現在は、個人の方でも気軽に依頼できる一方、イラストレーターと依頼者の間には「依頼に関する考え方のすれ違い」もあるように思えます。
例えば、依頼の調整を行っていく中、
- 依頼者「どうしてイラストの料金がどこにも表記されていないんだろう…」
- イラストレーター「イラストの料金は掲示できないよ。だって、描き込み量や人数によって大きく変わるもん…」
といったようなすれ違いが起きていることも少なくありません。
依頼する側とされる側。立場が逆にしろ、こういった考えのすれ違いは時としてトラブルを発生させてしまったり、お互い後味が悪いままお仕事終了となってしまう場合もあります。

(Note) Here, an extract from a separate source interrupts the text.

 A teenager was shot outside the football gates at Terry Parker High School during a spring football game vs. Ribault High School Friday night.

イラストを依頼する依頼者は、どういったことに質問・疑問を持つのか、また、イラストレーターにとって「地雷」と感じてしまうものはなんなのか…。気になる方もいるのではないでしょうか?
ということで、今回は「イラストを依頼する時の依頼者の質問や疑問、不満について答えてみた」と題し、依頼者側の気持ちもくみ取りながら、依頼に関する様々な質問や疑問について回答してみようと思います。
管理人は現在イラストレーター兼動画師として活動をしていますが、お仕事に携わった依頼者からのご意見、体験、その他ネット上などで度々議論になっている意見を参考にしつつ、「依頼者」と「イラストレーター」の考えを中立的に見ながら書き記していきたいと思います。

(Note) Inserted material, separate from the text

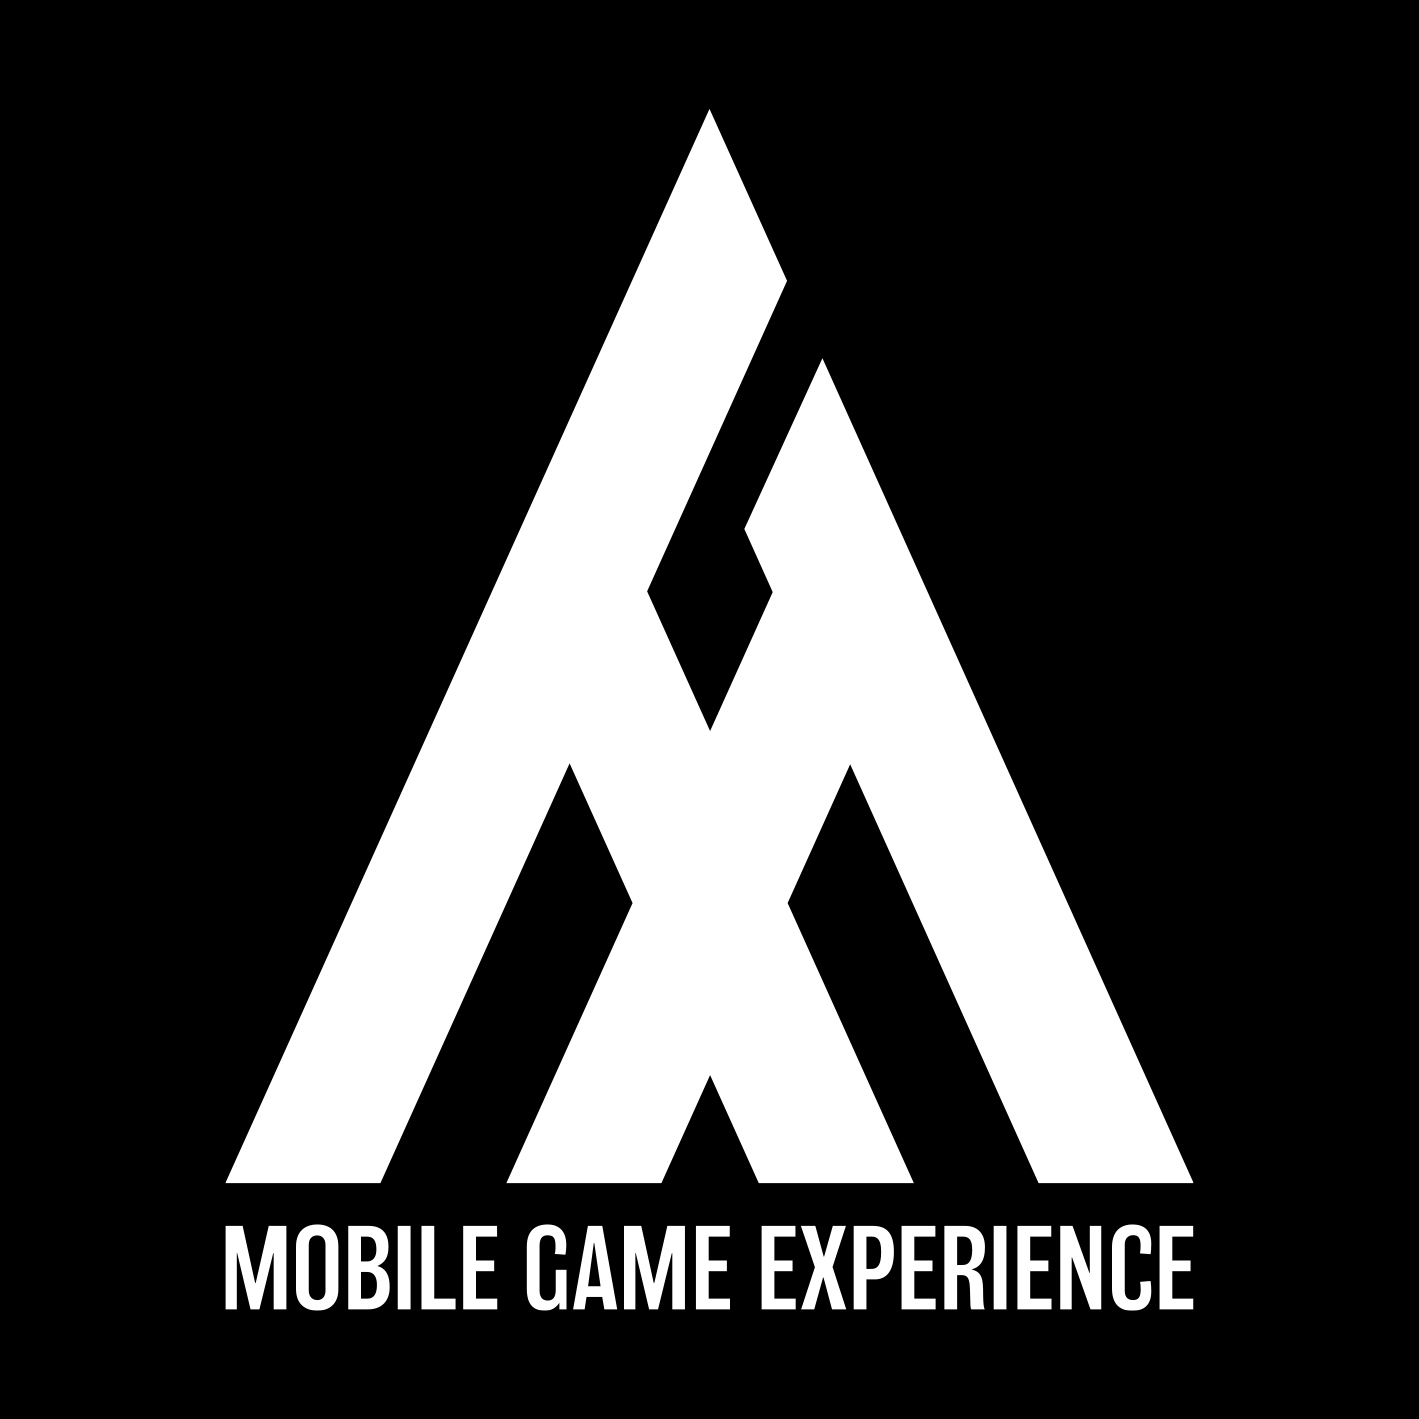 MOBILE GAME EXPERIENCE LOGO

- 依頼者とイラストレーターの間によく発生する「考え方のすれ違い」について
- イラストレーターに依頼したいけど、どういった内容がイラストレーターにとって「地雷」なのか、事前に調べておきたい
- イラストはどうして有料なの?また、もらったイラストはどうして勝手に改造しちゃいけないの?
などなど、よくある疑問からかなり込み入った話まで一覧としてまとめています。気になる方はぜひご覧ください!
もくじ
依頼者とイラストレーターの考えのすれ違い

イラストを依頼する「依頼者」と、依頼を受ける「イラストレーター(または絵師)」とでは、イラストの依頼や制作に対する考え方が違う場合があります。特に、依頼者側が普段から全く絵を描かない、絵の経験が無い方の場合だと、尚更すれ違いが激しいかもしれません。
こうした「依頼に関する疑問や不満」を、依頼者(または制作者側)がSNS上で呟く時がありますが、時として白熱した議論となっている様子を何度か見かけたことがあります。
そういった様子を見ると、「まぁまぁお互い…」とは思いつつ、依頼する側とされる側の立場は全く逆であるため、意見のすれ違いを完全になくすことは不可能に近いということを改めて認識させられます。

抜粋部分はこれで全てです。